В классический период своего развития греческая этика проходит через
эгоистические соображения полезности, холодные учения о добродетели,
аскетическое миро-отрицание, разочарованность и пессимизм. Но какое бы
направление ее развитие ни принимало, она никогда не выводит человека за
пределы его личности.
У Сенеки, Эпиктета и Марка Аврелия она утрачивает этот эгоистический
характер. Отрекаясь от духа античности, греческая этика превращается в этику
общечеловеческой любви. Она всецело поглощена непосредственным отношением
человека к человеку, полным самопожертвования и преданности.

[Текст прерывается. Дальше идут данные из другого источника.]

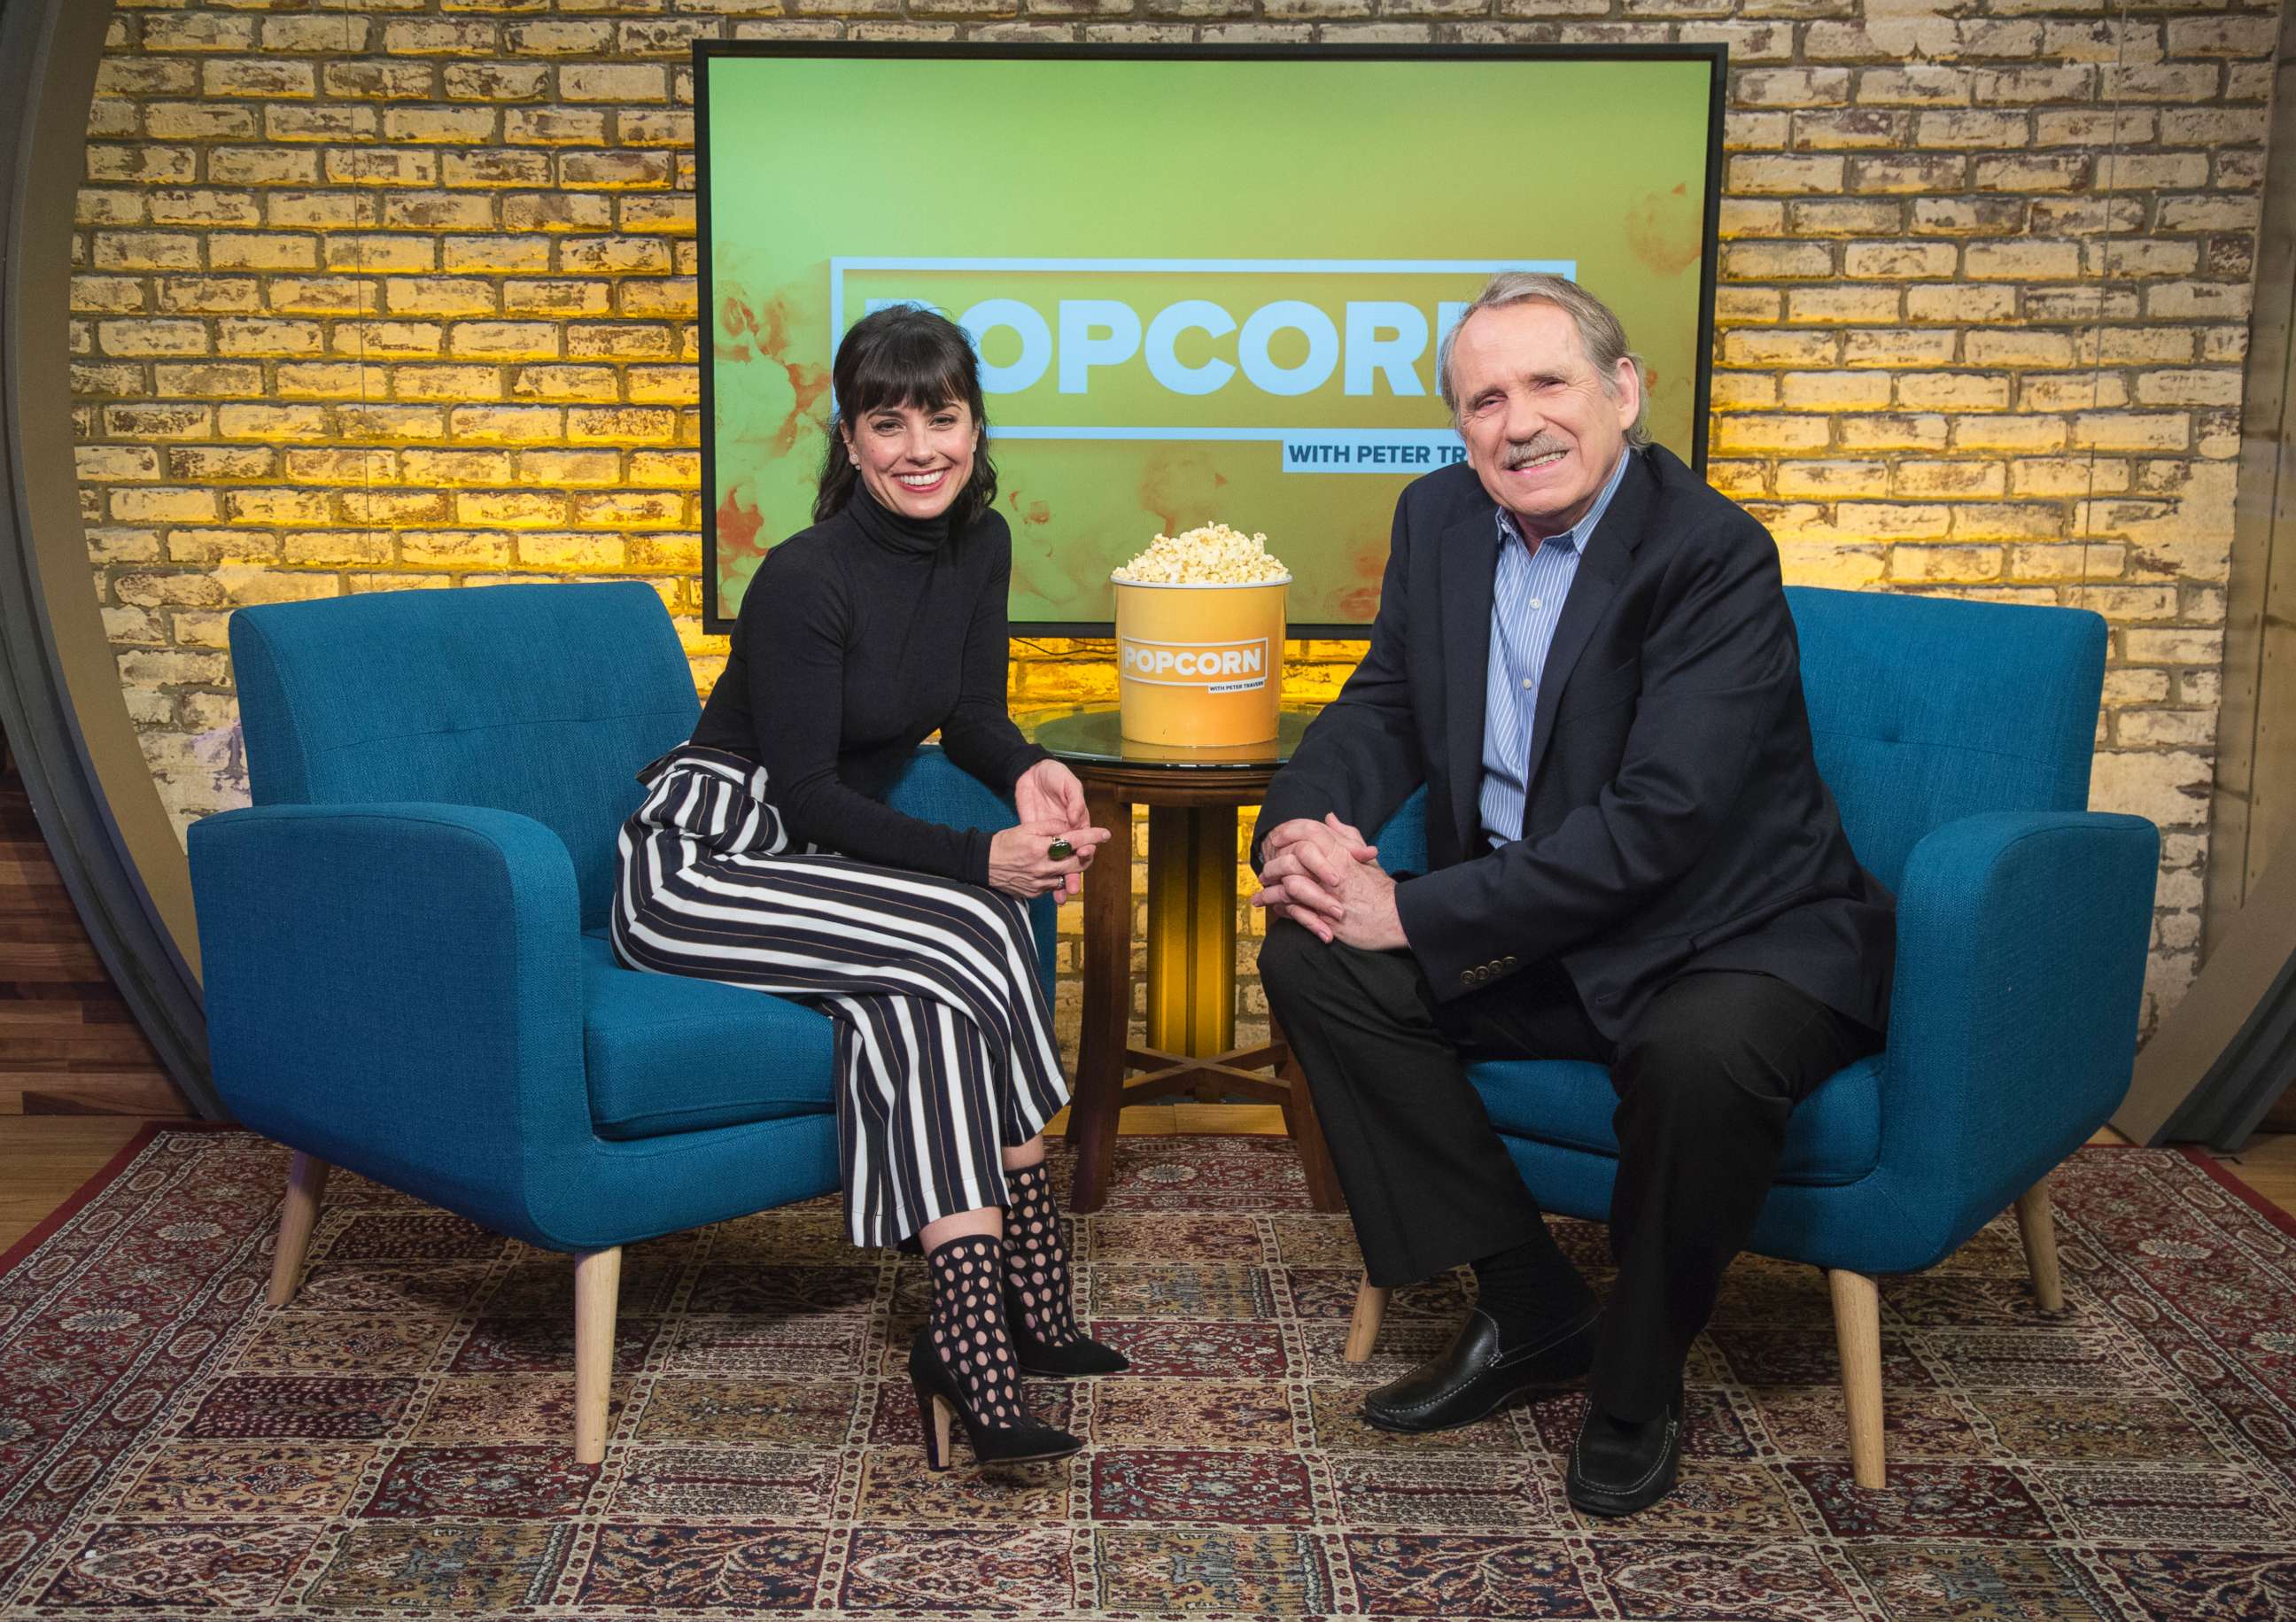 PHOTO: Constance Zimmer, who stars as Quinn King on the Lifetime series "UnREAL," appears on ABC News' "Popcorn With Peter Travers."

Как же возникает подобное понимание гуманности, столь недостающее
классической античности?
Более ранние греческие философы-моралисты занимались государством. Их
интерес сосредоточен на том, как сохранить воплощенную в городе-государстве
организацию общества, дабы свободные могли и дальше вести жизнь свободных
людей. По их воззрениям, должен быть реализован тип человека высшего склада.
Люди же, окружающие его, принимаются во внимание только как орудия, служащие
достижению этой цели.
Однако в ходе гигантских политических и социальных преобразований,
которые приводят к возникновению мировой империи, этот образ мышления
перестает быть само собой разумеющимся. В страшных потрясениях
очеловечиваются чувства и ощущения. Горизонты этики расширяются.
Город-государство, на который ориентировалось этическое мышление, канул в
Лету. Мировая империя подавляет всех людей в одинаковой мере. В результате
сам человек, как таковой, становится предметом размышлении и этики.
Возникает представление о братстве всех человеческих существ.
Распространяются гуманистические взгляды и убеждения. Сенека высказывается
против гладиаторских игр. Но и это еще не все. Признается даже нечто
большее: внутреннее родство человека с животным.
Теперь, следовательно, когда в поле зрения этики появились человечество
и человек, как таковой, она достигает глубины и широты охвата, которые
позволяют ей стремиться к постижению самой себя в универсальной мировой
воле. Отныне натурфилософия и этика действительно могут быть связаны друг с
другом. Стоицизм грезил об этом с самого начала. Но он не мог осуществить
своей мечты, так как не располагал необходимой для этого живой и
всеобъемлющей этикой.
Тот факт, что оптимизм и этика могут занять теперь доминирующее
положение в натурфилософии, имеет еще и другую причину. Древняя Стоя
нисходила до чистой разочарованности и пессимизма в той же мере, в какой
подчинялась побуждениям к критическому мышлению. Со временем, однако,
приобретают силу практические и религиозные инстинкты, которые издавна
имелись в мировоззрении стоицизма. Позднюю античность характеризуют уже не
критицизм, а либо скептицизм, либо религиозность. Поэтому поздний стоицизм
может в гораздо большей степени руководствоваться этическими потребностями в
мировоззрении, чем ранний.
Одновременно он становится глубже и наивнее раннего. Как и китайский
этический монизм, он поднимается до этического толкования мировой воли.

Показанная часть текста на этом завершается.